I can’t blame her for the harsh language, ’cause just as I enter the room, Hawas raises this jeweled dagger high above his head as he chants some crazy mumbo-jumbo.
It looks like he’s about to plunge that knife right into Julie’s lovely bosom—and I’m too far away to reach them before he does!
So I throw my paddle.
The well-tempered piece of lumber wooshes across the intervening space and clobbers Hawas smack-dab in the face.
The insane archeologist gasps and reels backwards. He falls to the floor, knocked for a loop.
The knife tumbles out of his hand and spins through the air, falling right toward Julie…
It lands point-first in the wooden altar, about an inch from her forearm.
Julie’s baby blues go wide. “Rich!” she cries.

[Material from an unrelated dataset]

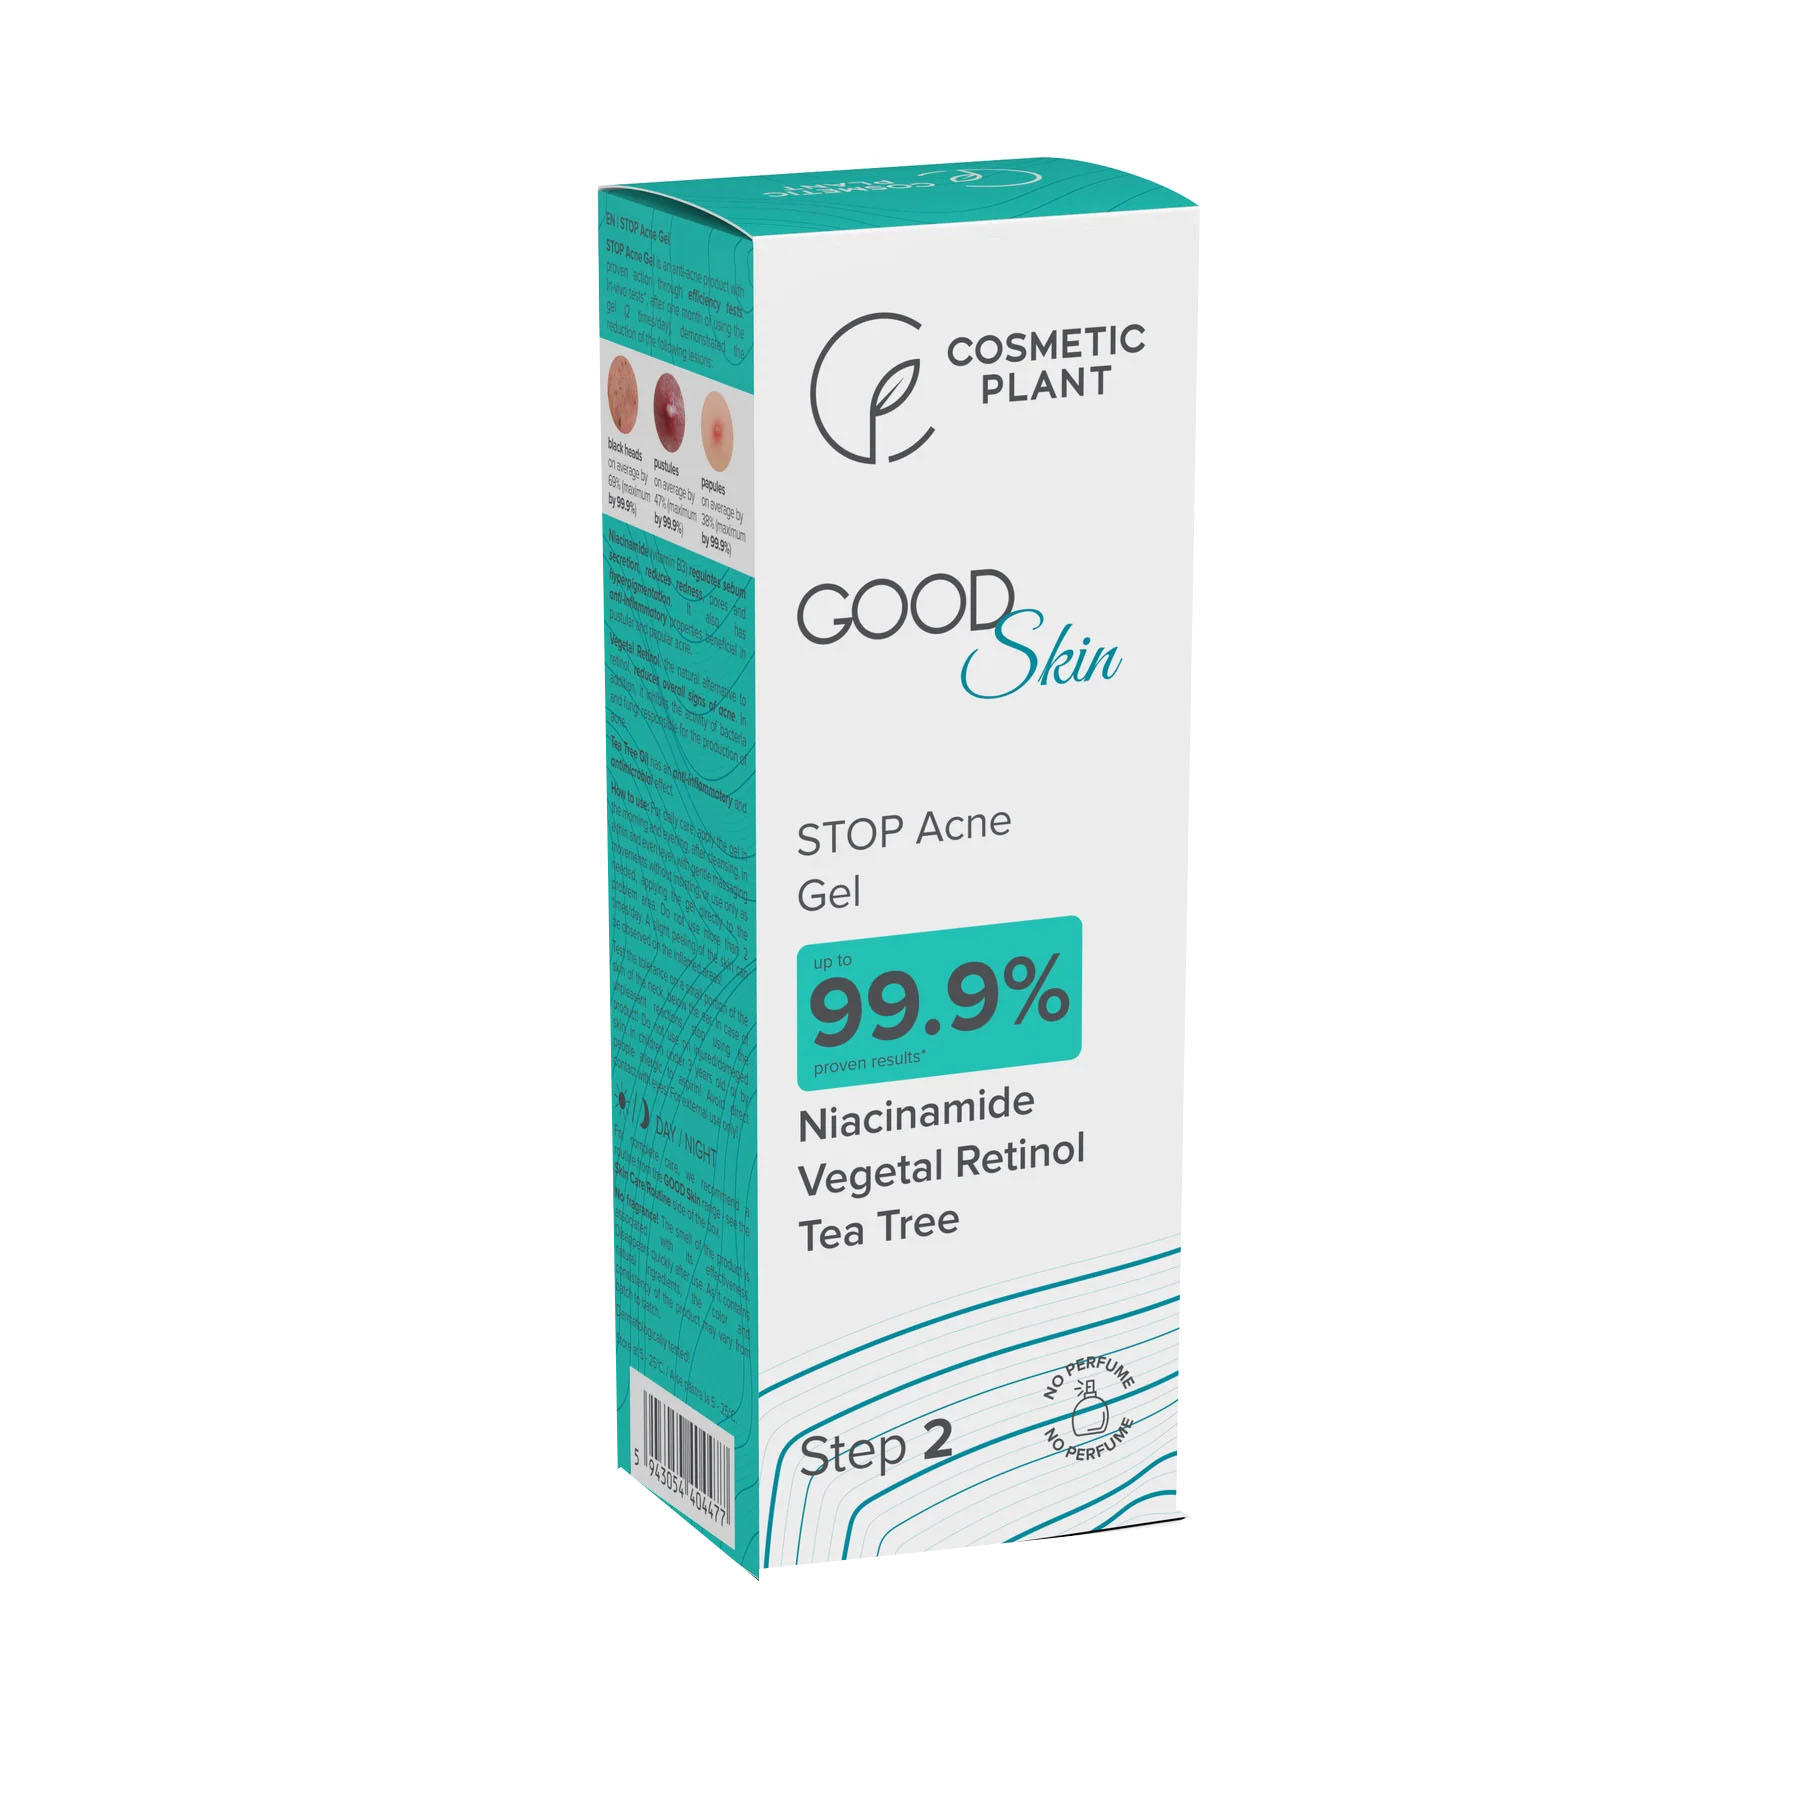 Good Skin Stop Acne Gel cu Niacinamida Vegetal Retinol si Tee Trea Oil 30 mililitri Cosmetic Plant

“Hang tough, babe! I’m comin’!” I call back.
“Kill him!” the Egyptian dish yells, pointing at me.
I take a quick step forward, almost laughing, because if she expects Hawas to do the job, she’s going to be disappointed; I clobbered that creep but good!
Without warning, powerful hands grab me from behind.
The smell hits me almost as hard as the grip: a weird blend of ancient spices, old linen, and mold…!
The mummy! I’ve forgotten about the damn mummy!
“Kill him, Rahotep!” the evil girl in the nightgown commands. “Prove your undying love for me, and kill him!”
The mummy begins to squeeze. The world starts to spin.
And I know that this is all she wrote.
Julie and I are going to die here, at the hands of folks who should have perished three thousand years ago.
And the only one who’s gonna hear this particular confession as to how it all went down… is Almighty God Himself.